Correlations can be interesting in themselves (do students who score highly on English tests also score highly on maths tests?; do people who eat more broccli have greater bone density?).

They can also reflect the fact that experimental measures often depend on factors other than the one we are manipulating (sometimes called confounding factors), which are what we try to control for by using a paired design. For example if we are interested in whether men earn more than women, we might use a paired design comparing brothers and sisters to take into account the very important effects of parental occupation and education on earnings which mean that high-earning brothers often have high-earning sisters. The fact that brothers’ and sisters’ earnings are correlated actually reflects the confounds that we want to ‘cancel out’ by using a paired design to test gender differences.

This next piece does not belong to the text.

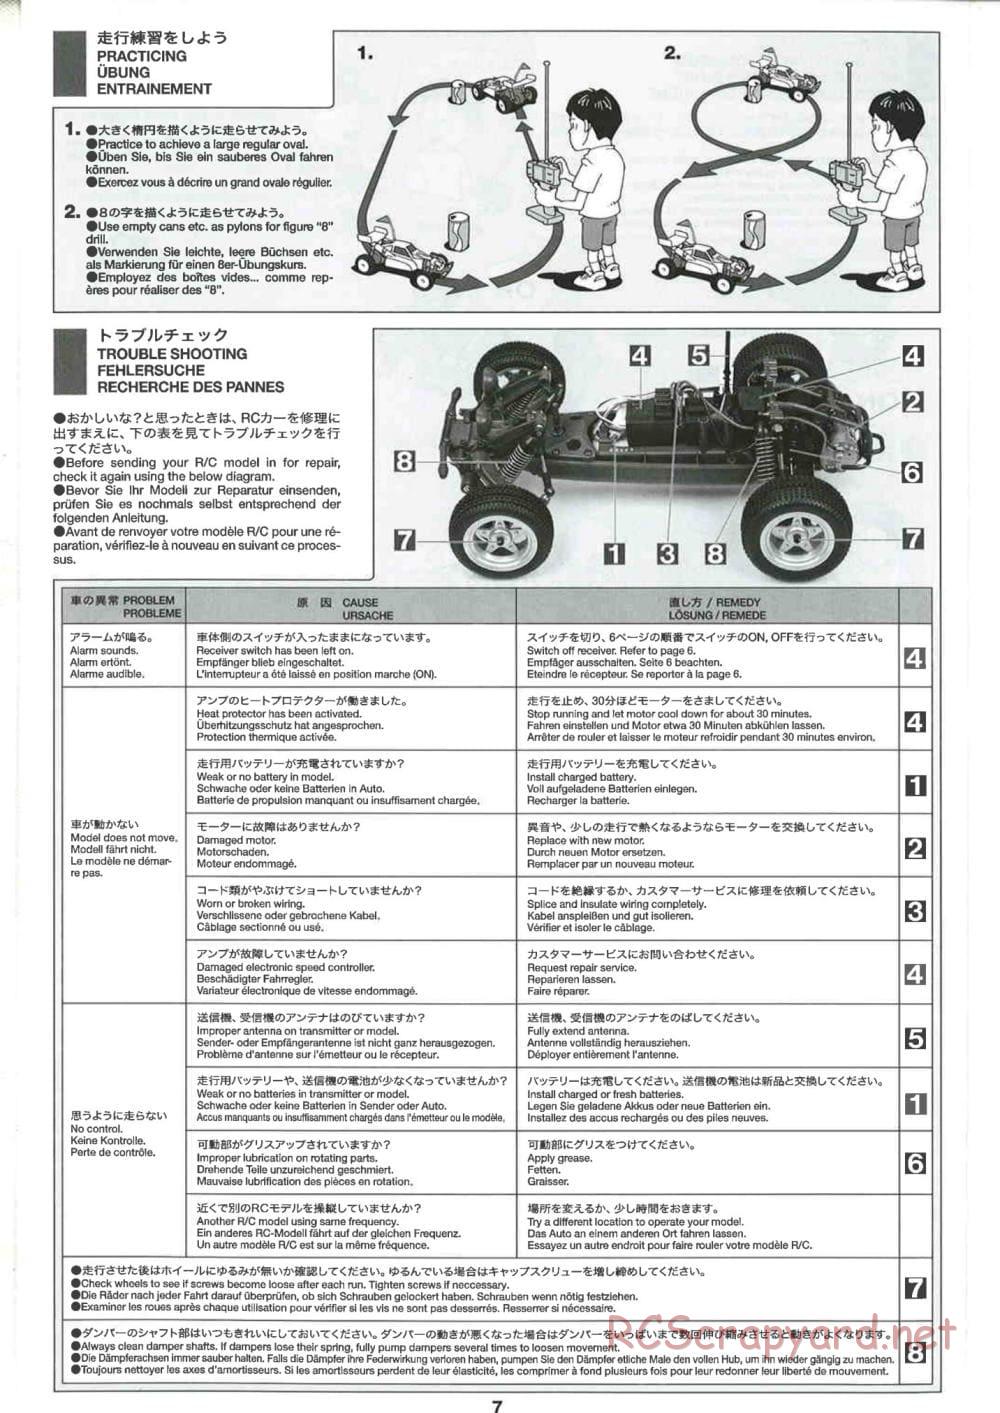 Tamiya - GB-02 Chassis - Manual - Page 7

1.9.1. Set up Python libraries#

As usual, run the code cell below to import the relevant Python libraries

# Set-up Python libraries - you need to run this but you don't need to change it
import numpy as np
import matplotlib.pyplot as plt
import scipy.stats as stats
import pandas as pd
import seaborn as sns
sns.set_theme(style='white')
import statsmodels.api as sm
import statsmodels.formula.api as smf

1.9.2. Toy example#

[A toy example is an example with a very small dataset, just to show how it works]

We are interested in whether people who eat more broccoli have higher IQs.

Question & design#

We hypothesise that those wo eat more broccoli ave higher IQs

This is tecnically a repeated measures design as we have two measurements (broccoli consumption and IQ) for each individual.

Hypotheses#

We can state our hypotheses as follows:

\(\mathcal{H_o}:\) There is no relationsip between broccoli consumption and IQ

  • the correlation, Pearson’s \(r=0\)

\(\mathcal{H_a}:\) Those with higher broccoli consumption have higher IQ

  • the correlation, Pearson’s \(r>0\)

This is a one-tailed (directional) alternative hypothesis

Data#

The following made-up data give weekly broccoli consumption in grams and IQ for 25 individuals:

broccoli = pd.read_csv('https://raw.githubusercontent.com/jillxoreilly/StatsCourseBook_2024/main/data/broccoli.csv')
broccoli
broccoli_g IQ
0 0 87
1 28 91
2 0 101
3 20 92
4 0 96
5 92 95
6 88 92
7 128 94
8 0 96
9 22 99
10 114 99
11 0 96
12 146 99
13 255 108
14 131 100
15 255 107
16 390 114
17 402 107
18 216 108
19 719 104
20 395 107
21 485 114
22 553 116
23 682 116
24 815 111

Let’s plot the data:

sns.scatterplot(data=broccoli, x='broccoli_g', y='IQ', alpha=0.5)
plt.show()
../_images/727418077dcb5b23e5c055544c134069d04584db8a62e0e2ebd2551b9b3dde2c.png

We can see that there does seem to be a correlation.

Test statistic#

Here our test statistic is Pearson’s \(r\)

broccoli.broccoli_g.corr(broccoli.IQ)
0.8011532312132079

The correlation is 0.80, which is actually very strong (remember they are made-up data!).

Is this result statistically significant?#

That is, would the result (a correlation of 0.80) be very unlikely to occur due to chance, if the null hypothesis were true?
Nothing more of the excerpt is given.